As if the food weren’t enough to attract diners to Cesare, there is the sensational wine list where excellent, moderately priced bottles provide the rare occasion to pair complex wines (many of them natural) with thoughtfully prepared food in a completely unpretentious setting.
But the casual nature of Cesare doesn’t mean the service is overworked or inefficient (a frequent flaw of its competitors). On the contrary, the servers are polite, professional, and accommodating. In all, Cesare offers a rare combination of great food, excellent wine and easygoing hospitality. To experience it yourself, take the #8 tram from Largo Argentina to the last stop (€3 per person R/T). The restaurant is 100 yards from the tram stop.
Cesare al Casaletto
Via del Casaletto, 45 – 00151 Roma
Tel. +39 06536015
Closed Wednesdays


















Angela Jones
November 22nd, 2012 at 5:32 am
Hi Katie,
I am keen to try this place when i am visiting Rome over new years, but wanted to book so i don’t miss out. I noticed there is no reference to a website or email address. Do you happen to know if they have one, as i googled and couldn’t find one. Or am i best calling and making a reservation?
And in general, over the new year period, are there many restaurant closures we should be aware of? Or is everything just closed on new years day?
Many thanks for your help
Gina
November 22nd, 2012 at 7:05 pm
Thanks for this post. I love Cesare. It has also become my place to take people to convince them I know good food. Fritti, fritti, fritti and more…can’t wait to go back.
Hounddogman
November 22nd, 2012 at 8:51 pm
Thanks for this. Cesare has been on my radar for a while and I will definitely go soon. With an added bonus of two long tram rides. But, given that the 8 starts from Largo Argentina, what enquiring minds want to know is what is Parlafood’s position on the Great Cat Sanctuary Controversy? See: http://www.nybooks.com/blogs/nyrblog/2012/nov/16/roman-cat-fight/ and http://www.romancats.com.
Difendere i gatti!
Katie
November 22nd, 2012 at 9:05 pm
I am actually not personally fond of cats and the idea of their urine on republican era ruins always skeeved me out, but unless the city can offer another alternative I think the cat sanctuary is a humane option.
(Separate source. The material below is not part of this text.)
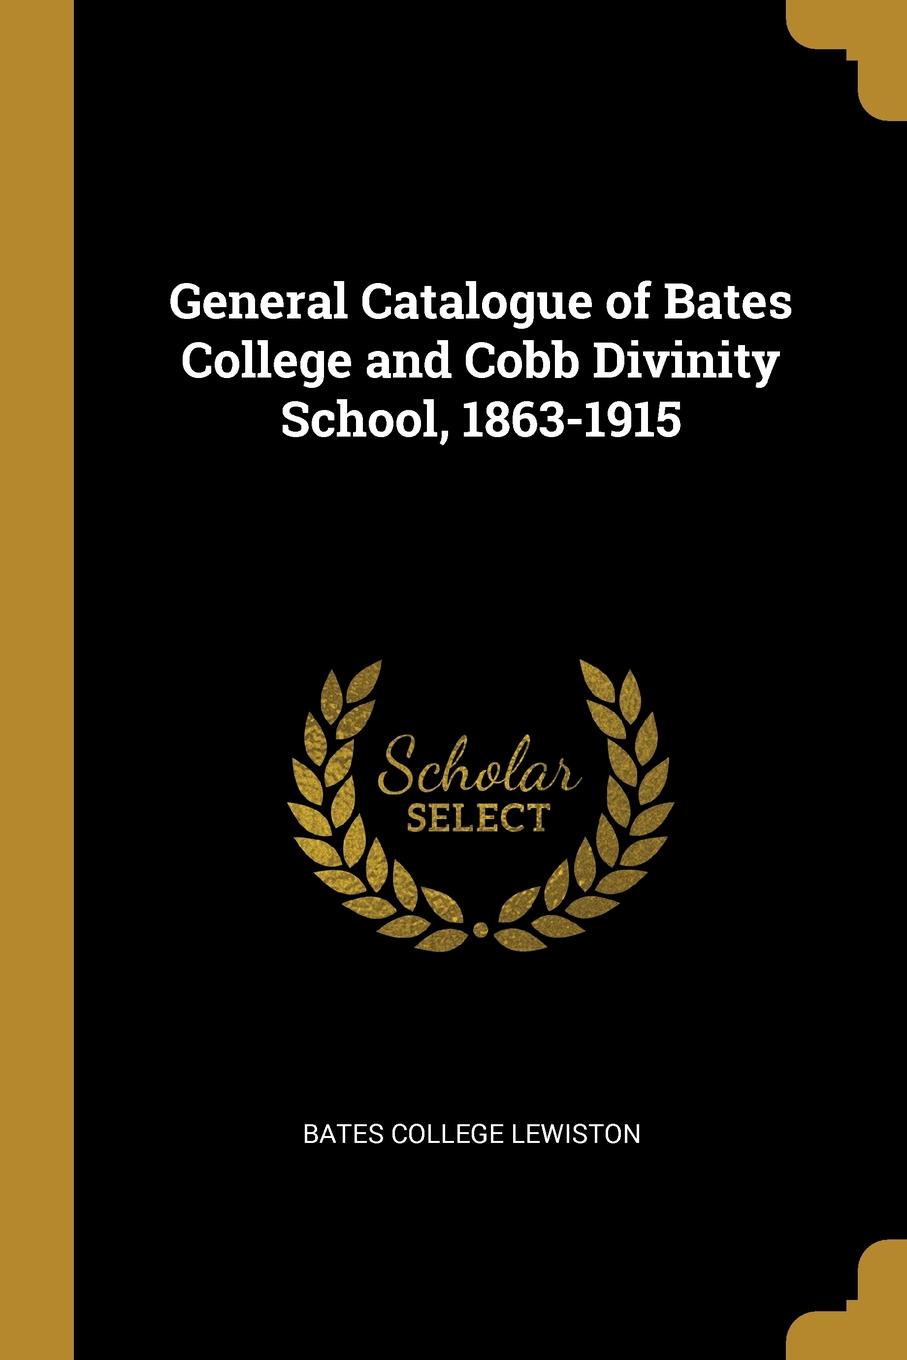 General Catalogue of Bates College and Cobb Divinity School, 1863-1915

For reservations to Cesare, just ring the number above during business hours and book in English. I’m sure everyone there can speak at least a little English, enough to take a reservation. Enjoy!!
Katie
November 22nd, 2012 at 10:47 pm
@angela my app has new year’s suggestions. just check out tours–>katie’s suggestions
Magali
November 25th, 2012 at 6:14 pm
Hi! I really love your blog… It’s just… Amazing! I’m Magalí and I travel around the world, tasting flavours and writing about them. Wou! When I have time, I’m going to write about your blog
Kisses,
Maga.-
Katie
November 25th, 2012 at 7:43 pm
grazie maga! your blog is lovely too!